Brindgechajer majer bringeer langsam!, dlatego, że on, jak pogania w Potoku[1], to tak na ciołki woła.
260. Mrzygłod Marcin, lat 10, syn Piotra, gospodarza gruntowego w Woli gołego.
α) Mortka,
β) Żyd,
γ) Głupia Kaśka,
δ) Śliniasta Kaśka, dlatego, że żydom zaświécywał i gasił świcki w sobotę. Głupią albo śliniástą Kaśką nazywają na Woli gołego jednego żyda z Baranowa, co chodzi po wsiach po smátkach, co łachy różne zbiera i za to ludziom daje igły, cyganki (wiejskie nożyki w drewnianej oprawie po 3 centy), nici, tasiemki i inne drobne towary. Jest bardzo brzydki, a jak gada, to się ślini. Zaczął po wsi nosić bułki, ale nikt nie chciał kupować, bo bardzo brzydki, aż niemiło na niego patrzeć, tak przestał nosić. Dzieci za nim biegają, śmieją się z niego i powtarzają za nim tak, jak on gada: „Mam na psiedaj igły, śpilki, cyganki, tasiemki, nici, zapałki...!“
261. Mrzygłód Tomek, lat 12, syn Marjanny, wyrobnicy wdowy w Woli gołego.

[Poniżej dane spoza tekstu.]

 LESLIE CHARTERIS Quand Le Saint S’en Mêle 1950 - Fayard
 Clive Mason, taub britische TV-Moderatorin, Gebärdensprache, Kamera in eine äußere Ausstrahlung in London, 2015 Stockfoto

α) Pluplac, dlatego, bo jak był mniejszy, to siadał przy wodzie i patrzył na żaby, a gdy która wskoczyła w wodę, to on mówił: „O żaba zrobiła pluk!“
β) Dzieci na niego tak ułożyły:
— Mrzygłodzie! Mrzygłodzie!
nie siadaj przy wodzie,
bo żaby nie złapiesz
i sam w wodę wpadniesz.
γ) Pik, niewiadomo dlaczego.
262. Ostrowiak Jasiek, lat 14, syn Piotra, dworaka w Woli gołego.
α) Ostry ślepac, od jego nazwiska, ale też dlatego, że jest bardzo zły i jak zacznie bić, to wnetby człowieka oślepił.
- ↑ Potok, folwark, należący do Dąbrowicy.